В палате интенсивной терапии кардиологии вместе лежали и мужчины, и женщины. Вернее, старики и старухи: молодёжь-то в этом крыле городской больницы – редкость.

Отделённые от слабого пола лёгкой матерчатой перегородкой, мы всегда были в курсе женских дел, которые, кстати, мало чем отличались от наших. Но «мы» – это громко сказано. Было нас всего двое: я и смахивающий на отставного военного Семён Петрович Суслов. А вот дам в палате случилось значительно больше – чуть ли не с полдесятка. У окна ютилась худая, как палка, лохматая седая старуха. Она никогда не лежала на постели, а сидела на ней, монотонно покачиваясь из стороны в сторону, и постоянно чего-то бормотала, то ли ругая припозднившихся родственников, то ли собирала в кучу разбегающиеся чёрт те куда мысли, желая выложить их потом медсестре или няньке.

Ближе к дверям расположились две ничем не примечательные старушки, а вот у самого входа грозно поскрипывала койкой многопудовая, без единой седой волосинки на всклокоченной башке, шестидесятилетняя толстуха. Голос у неё был гулкий, как труба, и когда она вздыхала, то казалось, что кто-то невидимый и удалой растягивает гармошку и вот-вот вдарит «Коробейников», но ожидаемого веселья, конечно, не следовало, слышался лишь протяжный рык, и тяжёлые, словно кирпичи, слова: «Прости меня, Господи…» шлепались на пол.

Семён Петрович был лысым, как коленка, полненьким старичком, крепким с виду, но, по его словам, совершенно изношенным изнутри. Более половины жизни он руководил геологической экспедицией, искал по пескам и болотам нефть, а так как, мол, дело это очень рискованное, то у геолога сначала изнашивается сердце, а потом уже все остальные человеческие причиндалы.

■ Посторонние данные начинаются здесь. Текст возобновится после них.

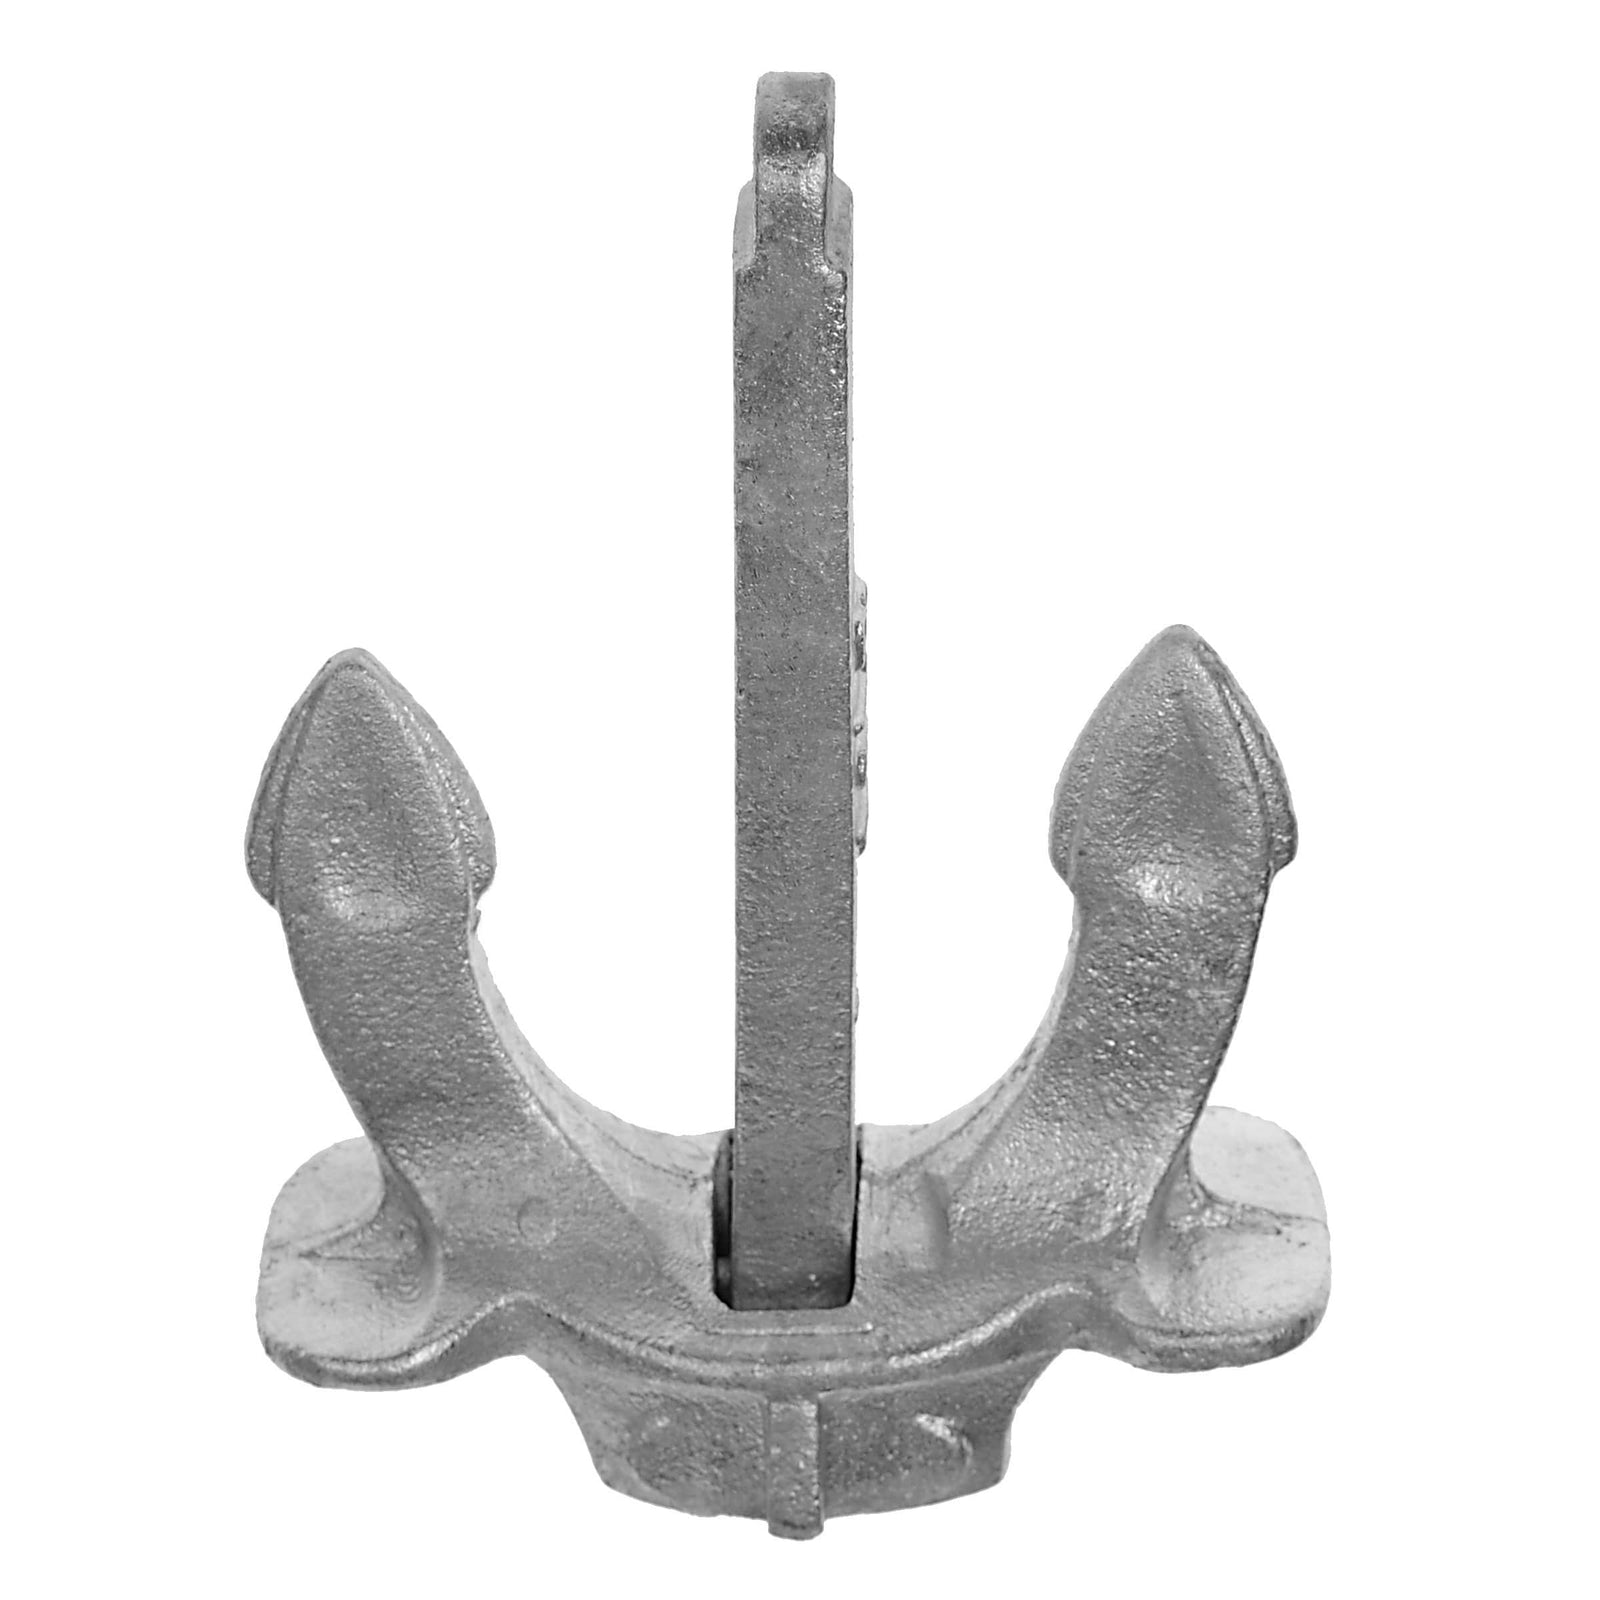 Cast Iron Stockless Hall Boat Anchor, 10 lbs
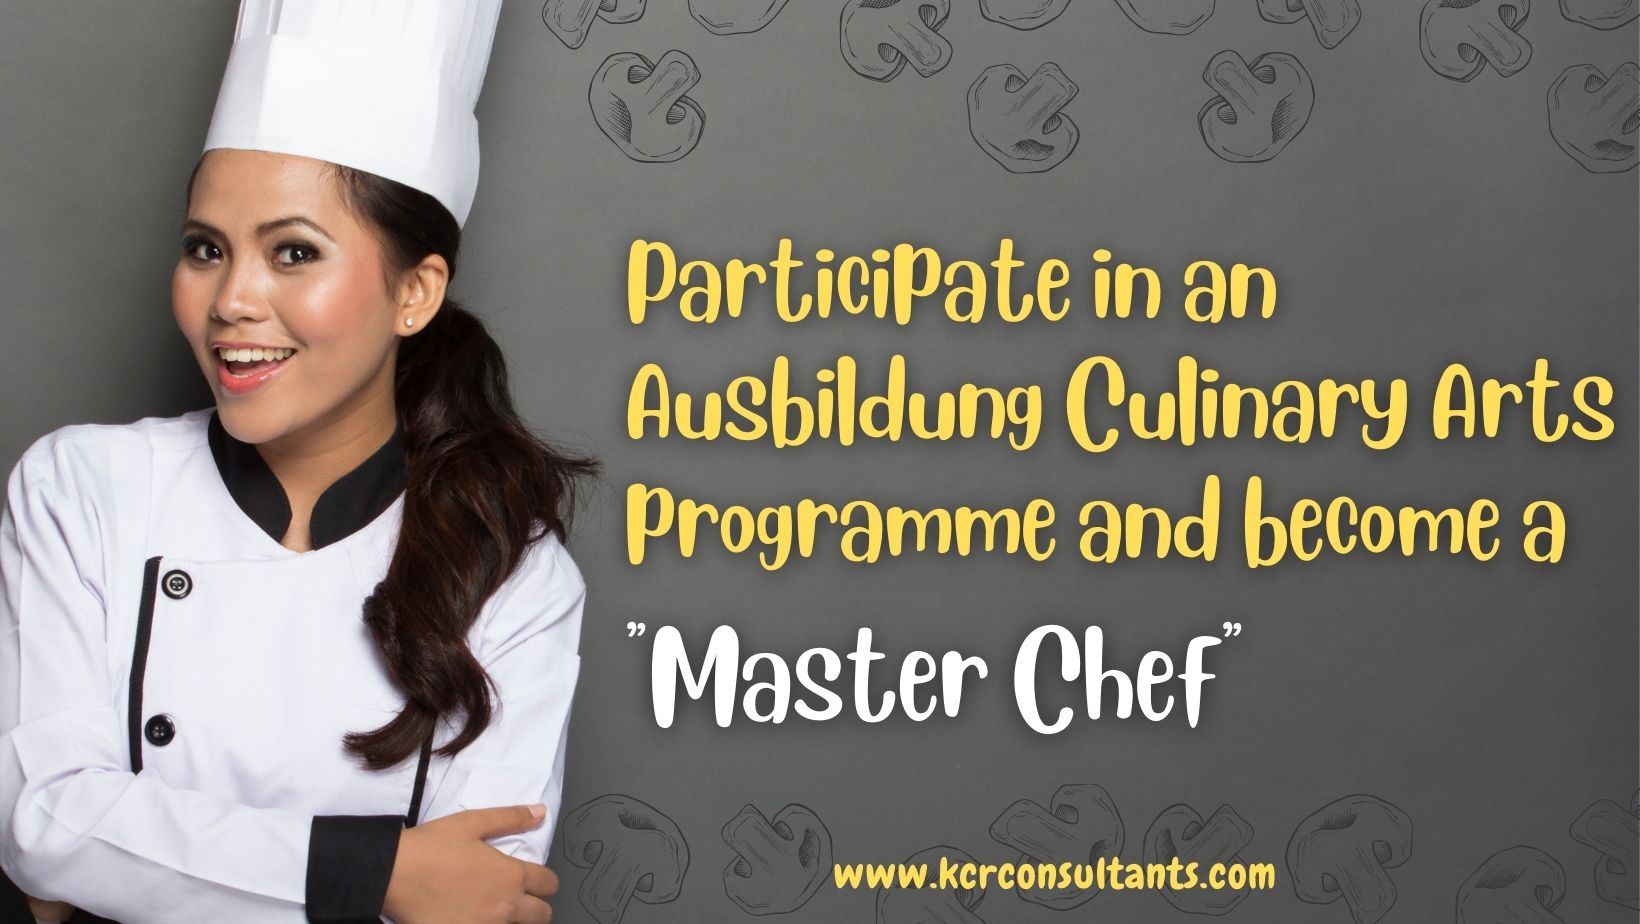 How to become a Chef in Germany through Ausbildung Culinary Arts

Но подкузьмило его, я думаю, не сердце, работал-то он в экспедиции до преклонного возраста, а голова: Петрович помнил и войну, и поиски нефти в далёкой Монголии, но не мог сказать, в каком микрорайоне сейчас живёт и куда нынче попал. Такая вот в его безволосой голове творилась странная катавасия.

Иногда он вставал с постели, надевал поверх обычной для больницы одёжки тёмно-серый пиджачок и направлялся к выходу из палаты. Застигнутый уже на пороге, отвечал соседям, что собрался домой, потом послушно снимал пиджак, вешал его на гусачок для капельниц и прочей медицинской канители и лез под одеяло, громко удивляясь провалам своей памяти.

Попали мы с Петровичем на лечение в один день, только я на полчаса пораньше: больница-то расположилась за городом, пациентов сюда привозили в основном на «скорой», и то ли путь мой оказался короче, то ли водитель случился много шустрее, но когда я уже посиживал на банкетке в больничном накопителе и рассказывал серьёзному очкастому доктору о своей беде, в дверном проёме возникли Семён Петрович с супругой. Он в пиджачке и синих спортивных штанах, в которых, чай, и был поднят с домашней кушетки, она – в длиннополом сером плаще поверх коричневой вязаной кофты.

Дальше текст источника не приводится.